At present, people pay more and more attention to the stability of the pump during operation. The swirl pump is a special kind of centrifugal pump, so the study of the pressure pulsation of the centrifugal pump will be helpful to the study of the static and dynamic interference of the swirl pump. The analysis of static and dynamic interference between impeller and volute of centrifugal pump mainly focuses on pressure pulsation and radial force. The interaction between the rotating impeller of the pump and the static pressure water chamber will cause periodic fluctuations in the flow field and affect the normal operation of the equipment. Therefore, it is of great significance to reduce or even eliminate the pressure pulsation of the swirl pump during operation by technical means.

Because there is a pressure difference between the fluid and the atmosphere in the swirl pump, in order to prevent the fluid from leaking out, the pump needs to be equipped with a sealing device during operation, which is called a shaft seal. The commonly used types of shaft seals are: packing seal, mechanical seal, dynamic seal and floating seal. Judging from the current situation of pumps used in various industries, mechanical seals have become a common sealing form in various industries, and this sealing form operates smoothly and reliably, bringing great economic benefits to various industries. Therefore, improving the sealing performance of the mechanical seal improves the operating efficiency of the swirl pump.

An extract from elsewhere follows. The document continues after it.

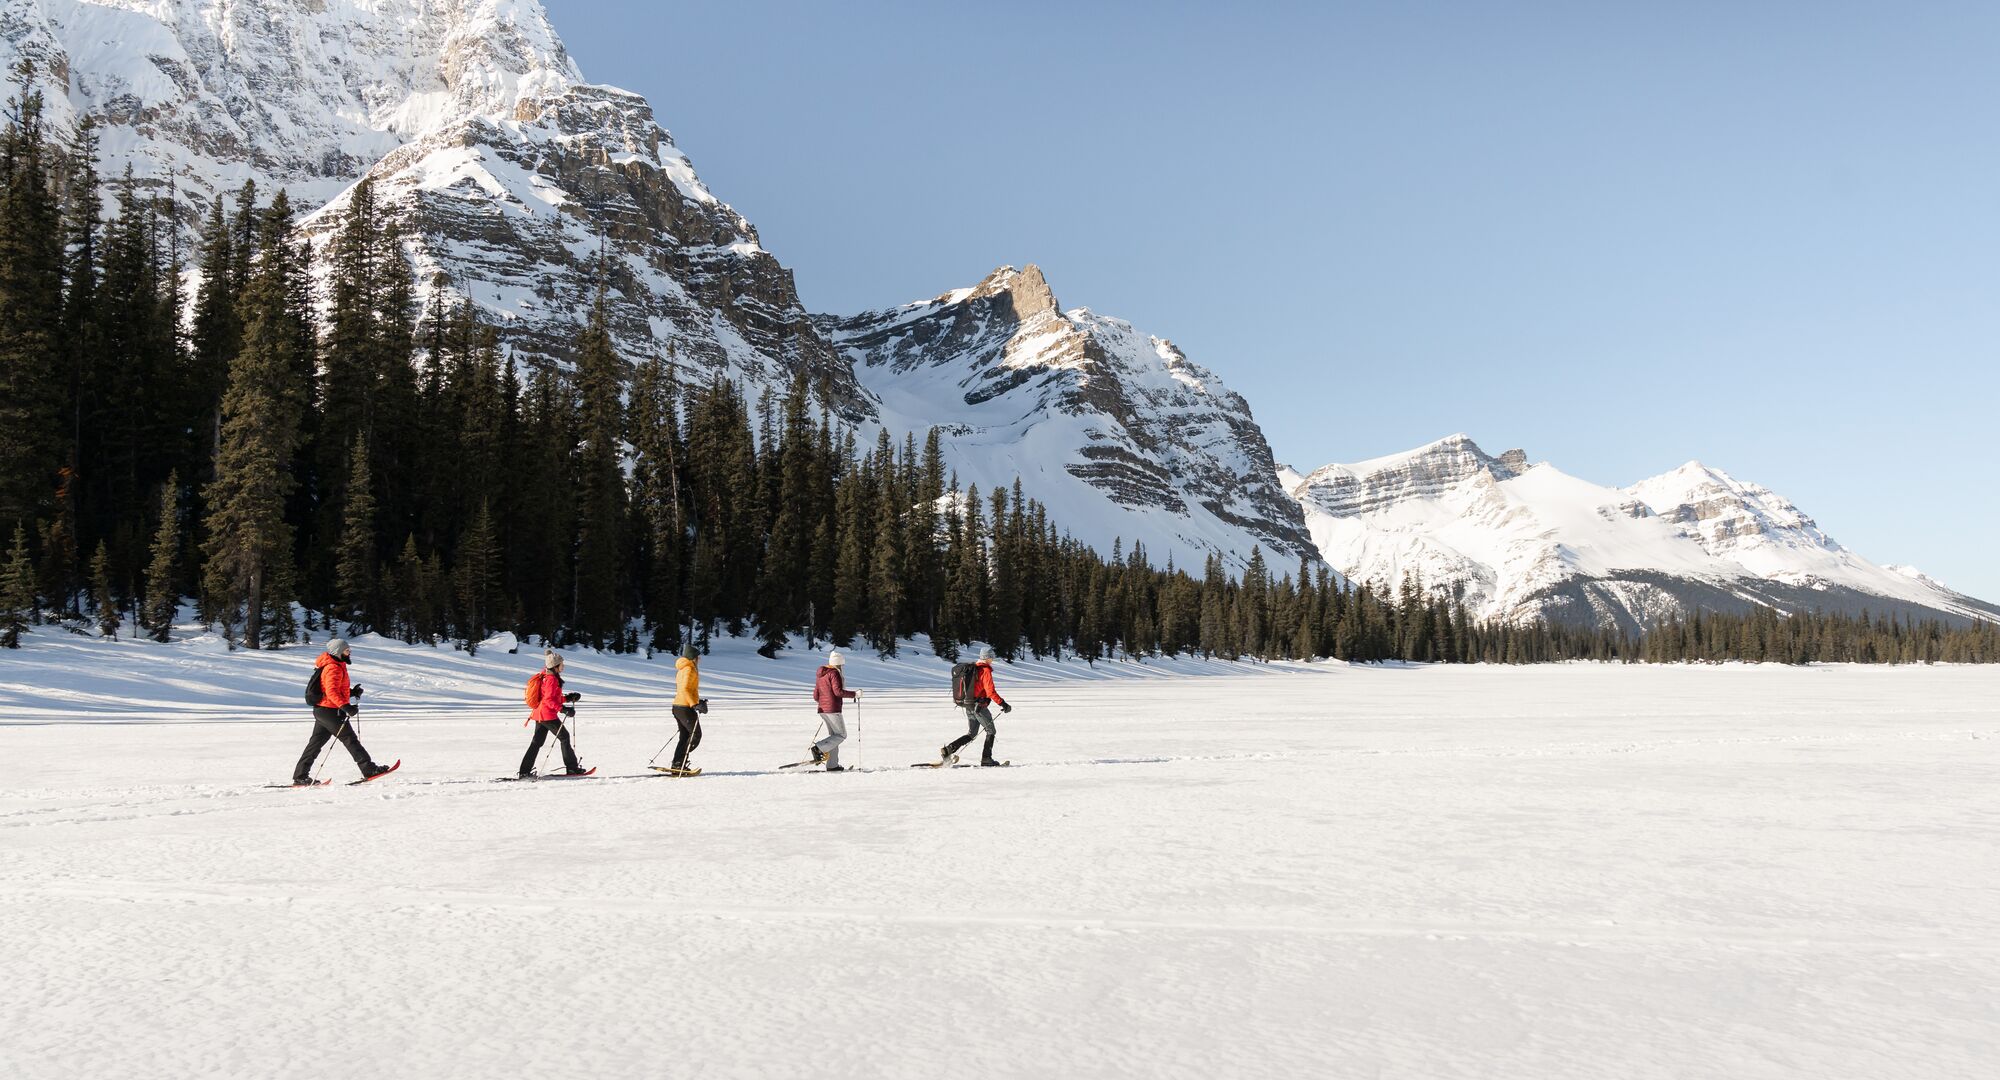 3-Day Winter Rockies Tour, Vancouver In Calgary Out in Kelowna+Okanagan Lake+Banff+Lake Louise+Johnston Canyon Complimentary Banff Hot Spring ticket

The working principle of the swirl pump is to drive the liquid to rotate through the rotation of the impeller. Therefore, there are two flow modes in the swirl pump, which are circulating flow and through flow. The main function of the through flow is to drive the liquid from the impeller through the pressure water chamber and discharge the liquid out of the swirl pump. However, the circulating flow only rotates inside the impeller and the pressurized water chamber, and does not do work on the liquid, so it causes a lot of loss, which is the main reason for the low efficiency of the swirl pump.

There is a gap between the impeller of the swirl pump and the rear cover. During the working process of the swirl pump, the fluid will be thrown out from the impeller, and a considerable part of the fluid will flow into the gap from the pressurized water chamber, which will increase the hydraulic loss of the impeller, resulting in the failure of the swirl pump. Reduced efficiency. Therefore, solving the leakage of fluid has a relatively large effect on the increase of the efficiency of the swirl pump.

From the summary, it can be seen that it has important theoretical significance and engineering application value to adopt necessary technical means to solve the problems existing in the above-mentioned swirl pump.

Contents of the invention

In order to solve the problem of excessive pressure pulsation in the swirl pump, the present invention proposes a swirl pump capable of reducing pressure pulsation.

A swirl pump capable of reducing pressure pulsation according to the present invention includes a pump body, an impeller, a pump cover, a suspension body, a transmission shaft and a bearing end cover, and the pump body includes a volute diffusion section, a partition tongue and a volute The shell pressure water chamber section, the volute water pressure chamber section, a partition tongue is arranged between the volute diffuser section and the volute pressure water chamber section, the inner cavity of the pump accommodates the impeller, and a fluid channel is reserved between the impeller and the partition tongue; The pump body and the pump cover are sealed and fixed, and the pump cover is coaxially fixed with the suspension body placed outside the pump body; the first end of the transmission shaft passes through the pump cover and connects with the impeller in the pump body Fixed connection, the second end is rotationally connected with the suspension body through a bearing, and the end of the second end protruding from the suspension body is equipped with a bearing end cover, and it is characterized in that: the inner wall of the partition tongue is provided with at least A groove for reducing pressure pulsation, and said groove is located on the inner wall of the partition tongue at the pressure water chamber of the swirl pump.

The number of the grooves is 1-3, and when the number of the grooves is greater than 1, the grooves are parallel to each other.

The cross section of the groove is V-shaped, U-shaped, semi-circular or rectangular, and can also be other easy-to-process shapes.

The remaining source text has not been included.